Stored data below:

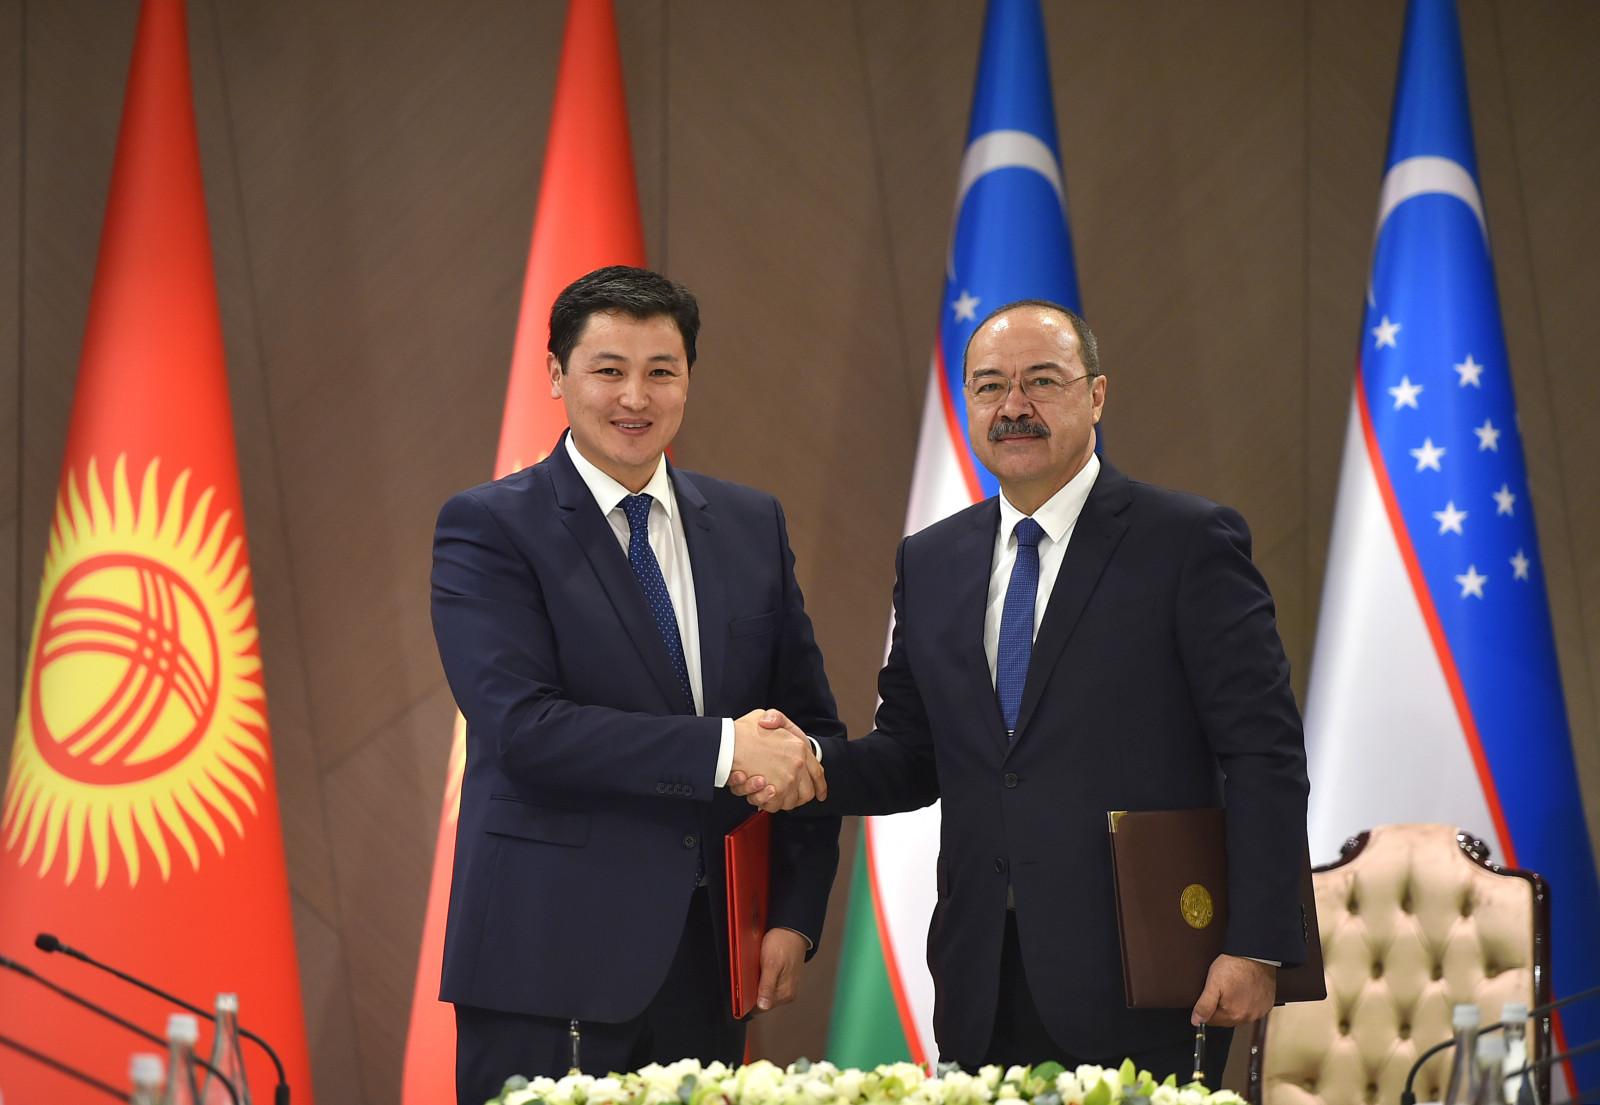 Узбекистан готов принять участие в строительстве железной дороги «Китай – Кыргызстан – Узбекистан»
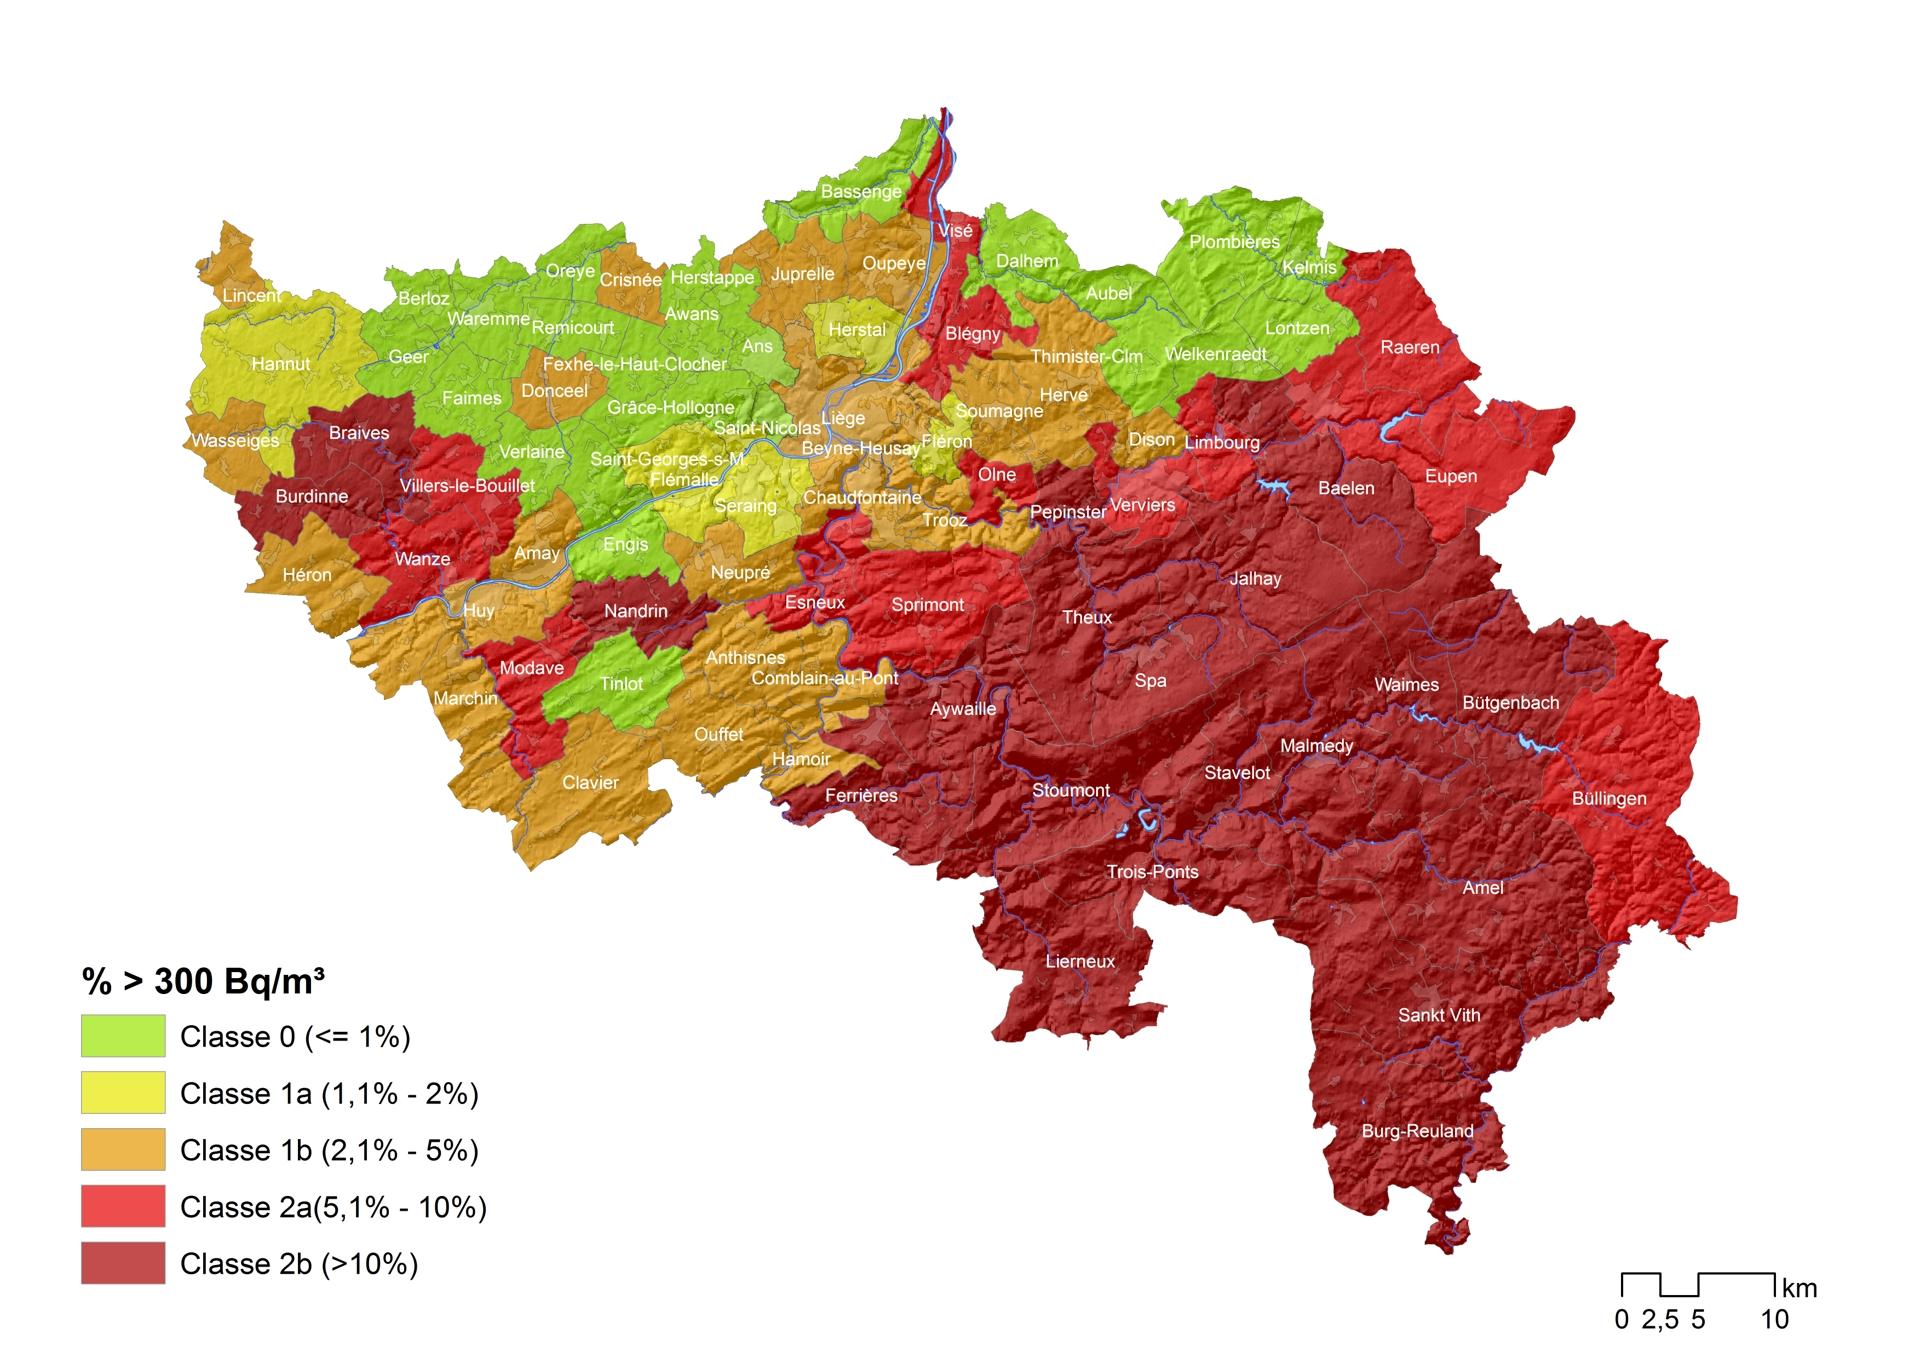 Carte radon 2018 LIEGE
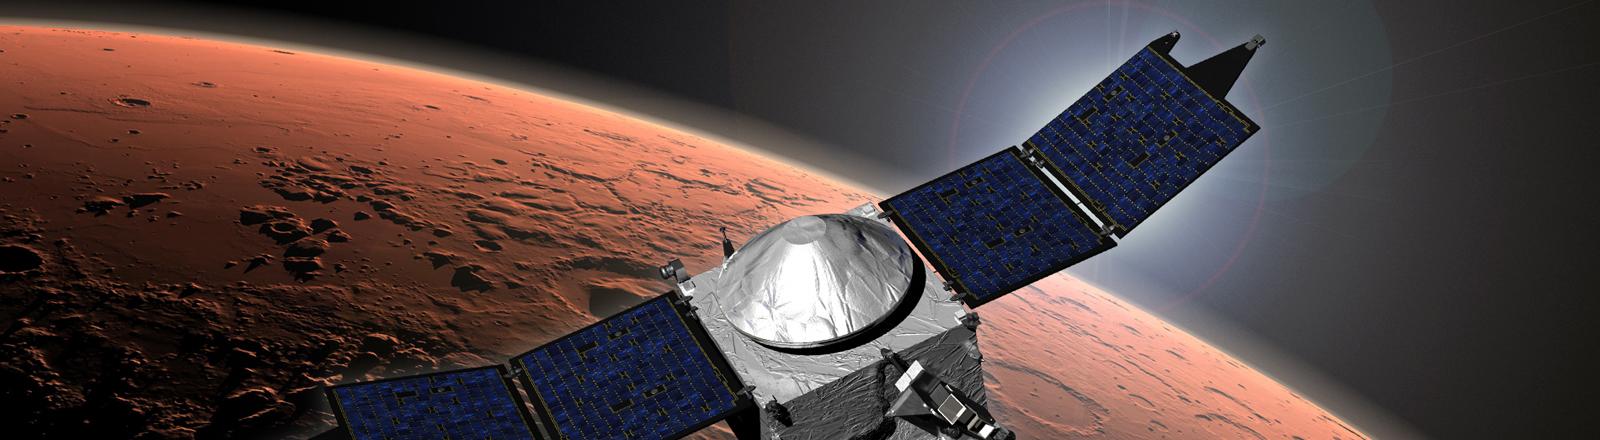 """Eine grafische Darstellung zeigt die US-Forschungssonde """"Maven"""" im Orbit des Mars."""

End of Stored data.

_Work to complete_
Omit the pictures and reproduce the listing exactly.

_Response for this exercise_
 Узбекистан готов принять участие в строительстве железной дороги «Китай – Кыргызстан – Узбекистан»
 Carte radon 2018 LIEGE
 """Eine grafische Darstellung zeigt die US-Forschungssonde """"Maven"""" im Orbit des Mars."""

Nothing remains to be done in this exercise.